Tuesday, February 7, 2012

Que Sera Sera 12/12/2012

I know a friend who is getting completely scared about the a/m date.  The rumours that it is going to be the end of the world has really got to him.  He has been purchasing all sorts of things to store at home, and is making plans to avoid the unavoidable. I know other friends who were planning a wedding on that special day.  For me, it is special alright since it is my birthday! 

Today as I was talking to my dad, trying to entertain him I mentioned the cold wave all over the world and how the weather yesterday in Cairo was warm and today all of a sudden it is cold and windy and back to 8C after being 24C! and then we said the usual comment of "the world is changing" then it struck me "what if it is actually the end of the world?"  Immediately, a sense of relief washed over me.  it was so quick and comfortable that amid the conversation, I wanted to go back to that moment and try to find out what was it that brought comfort and peace so as to cling to a bit more..
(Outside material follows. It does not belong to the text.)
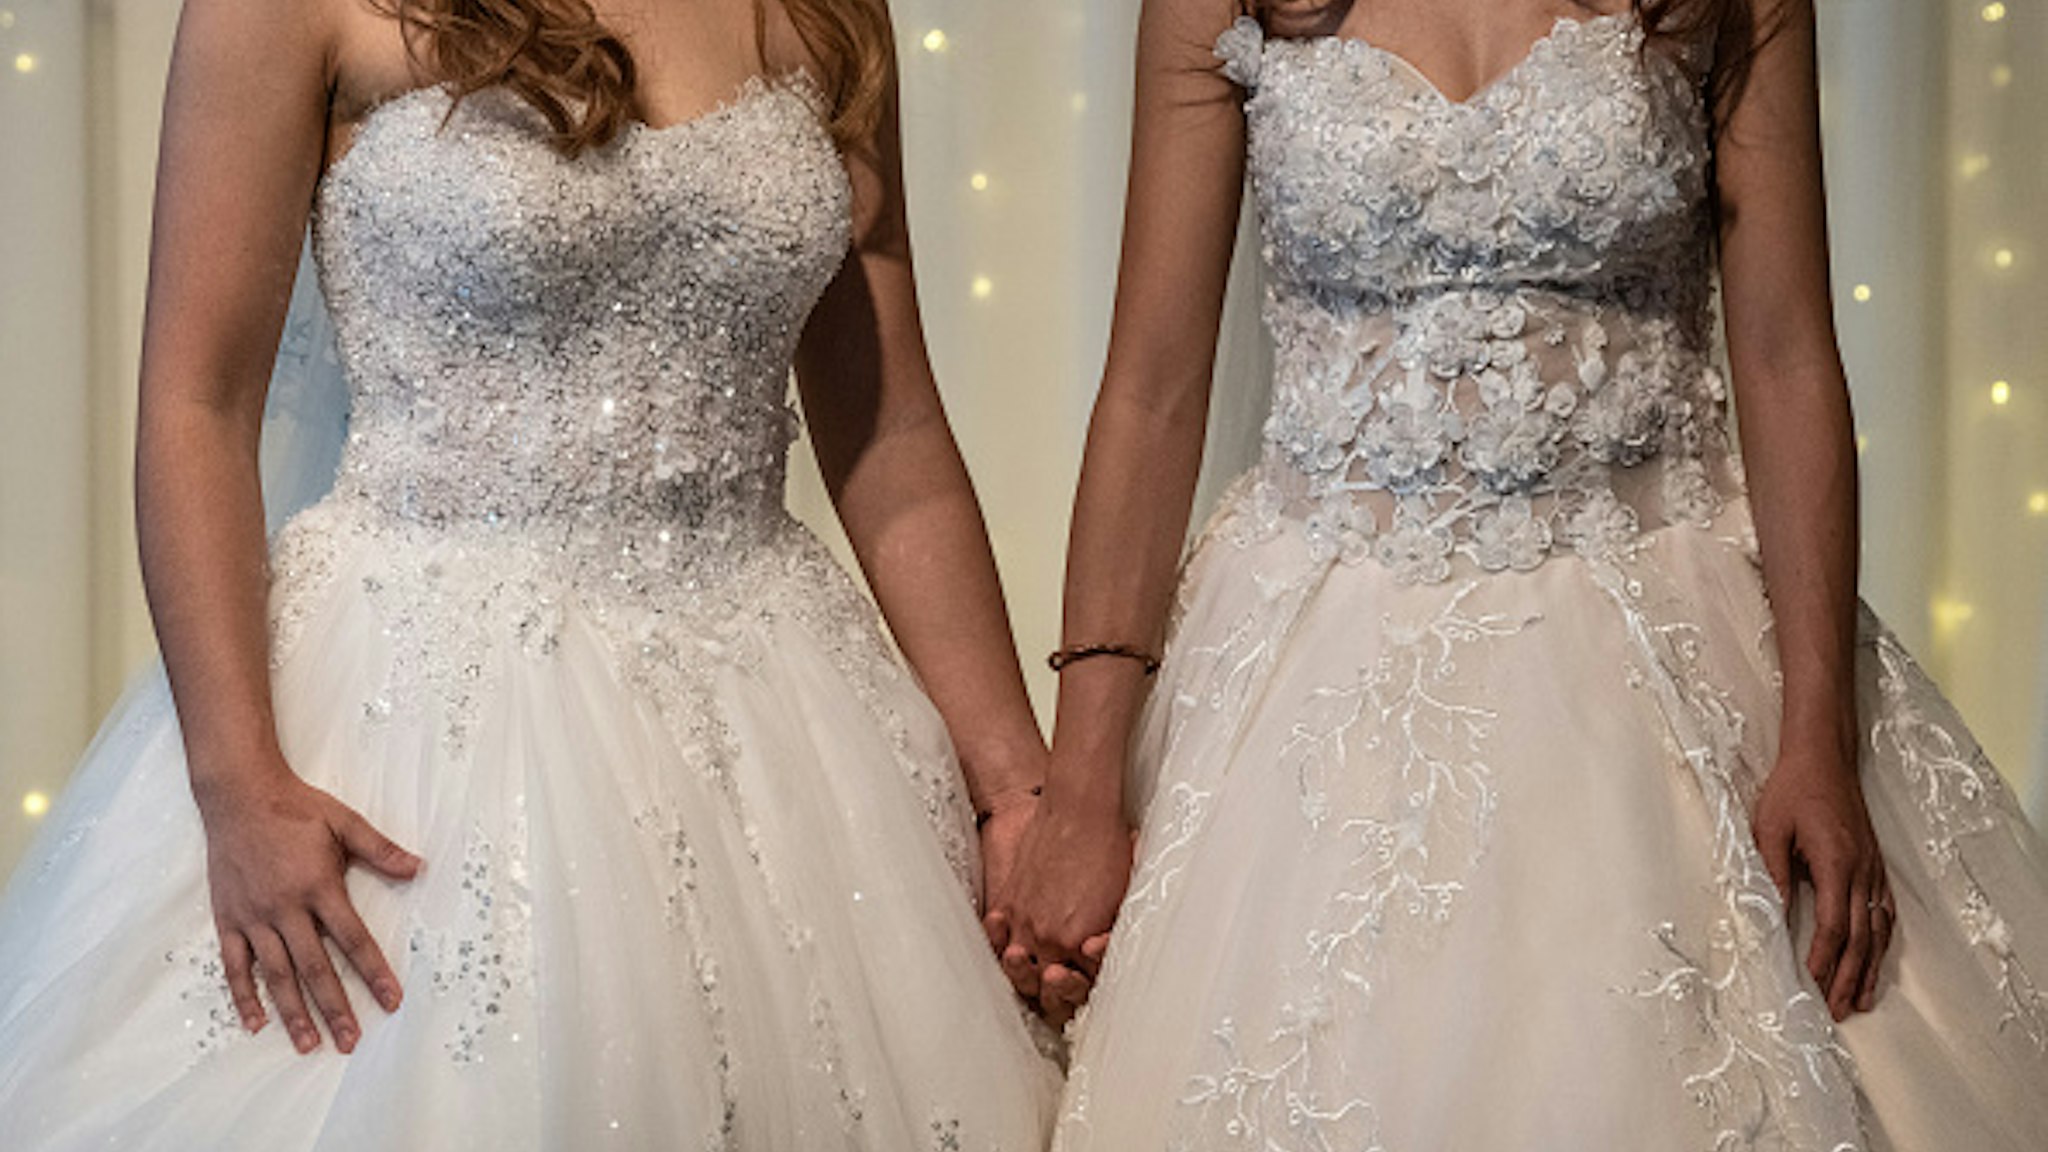 TAIPEI, TAIWAN - MAY 18: Lesbian couple Amber and Huan Huan hold hands during a wedding event to raise HIV awareness a day after Taiwan's parliament voted to legalise same-sex marriage, on May 18, 2019 in Taipei, Taiwan. Taiwan yesterday became the first country in Asia to legalise same-sex marriage after lawmakers voted to allow same-sex couples full legal marriage rights, including areas in taxes, insurance and child custody. Thousands of gay rights supporters gathered outside the parliament building in the nation's capital as the result was announced. The bill will go into effect on May 24.

What if the end of the world is kind of soon?  then I would not need to worry, I guess.  Then I would not purchase items - unlike my friend- because it would not change destiny anyway.  Then, I would not wake up everyday feeling like I have to do something, to achieve, to make a record,  I would wake up - may be- opening new doors, trying new things but without this huge attachment to deliverables...to success..

what else?  I would love more freely, reject more quickly, accept that it is not my fault since life would be too short, and so that would be the reason why I could not do what I had to..  God! what is this eternal student-like feeling?  you know the feeling that you have studies to be done, and you are watching TV, trying to enjoy it but feeling too guilty?? wasting time but knowing deep inside that you shouldn't? what can we call that?  A sick sense of responsibility? 

If life would end, I would take each day without the urge to finish it with a concrete deliverable. 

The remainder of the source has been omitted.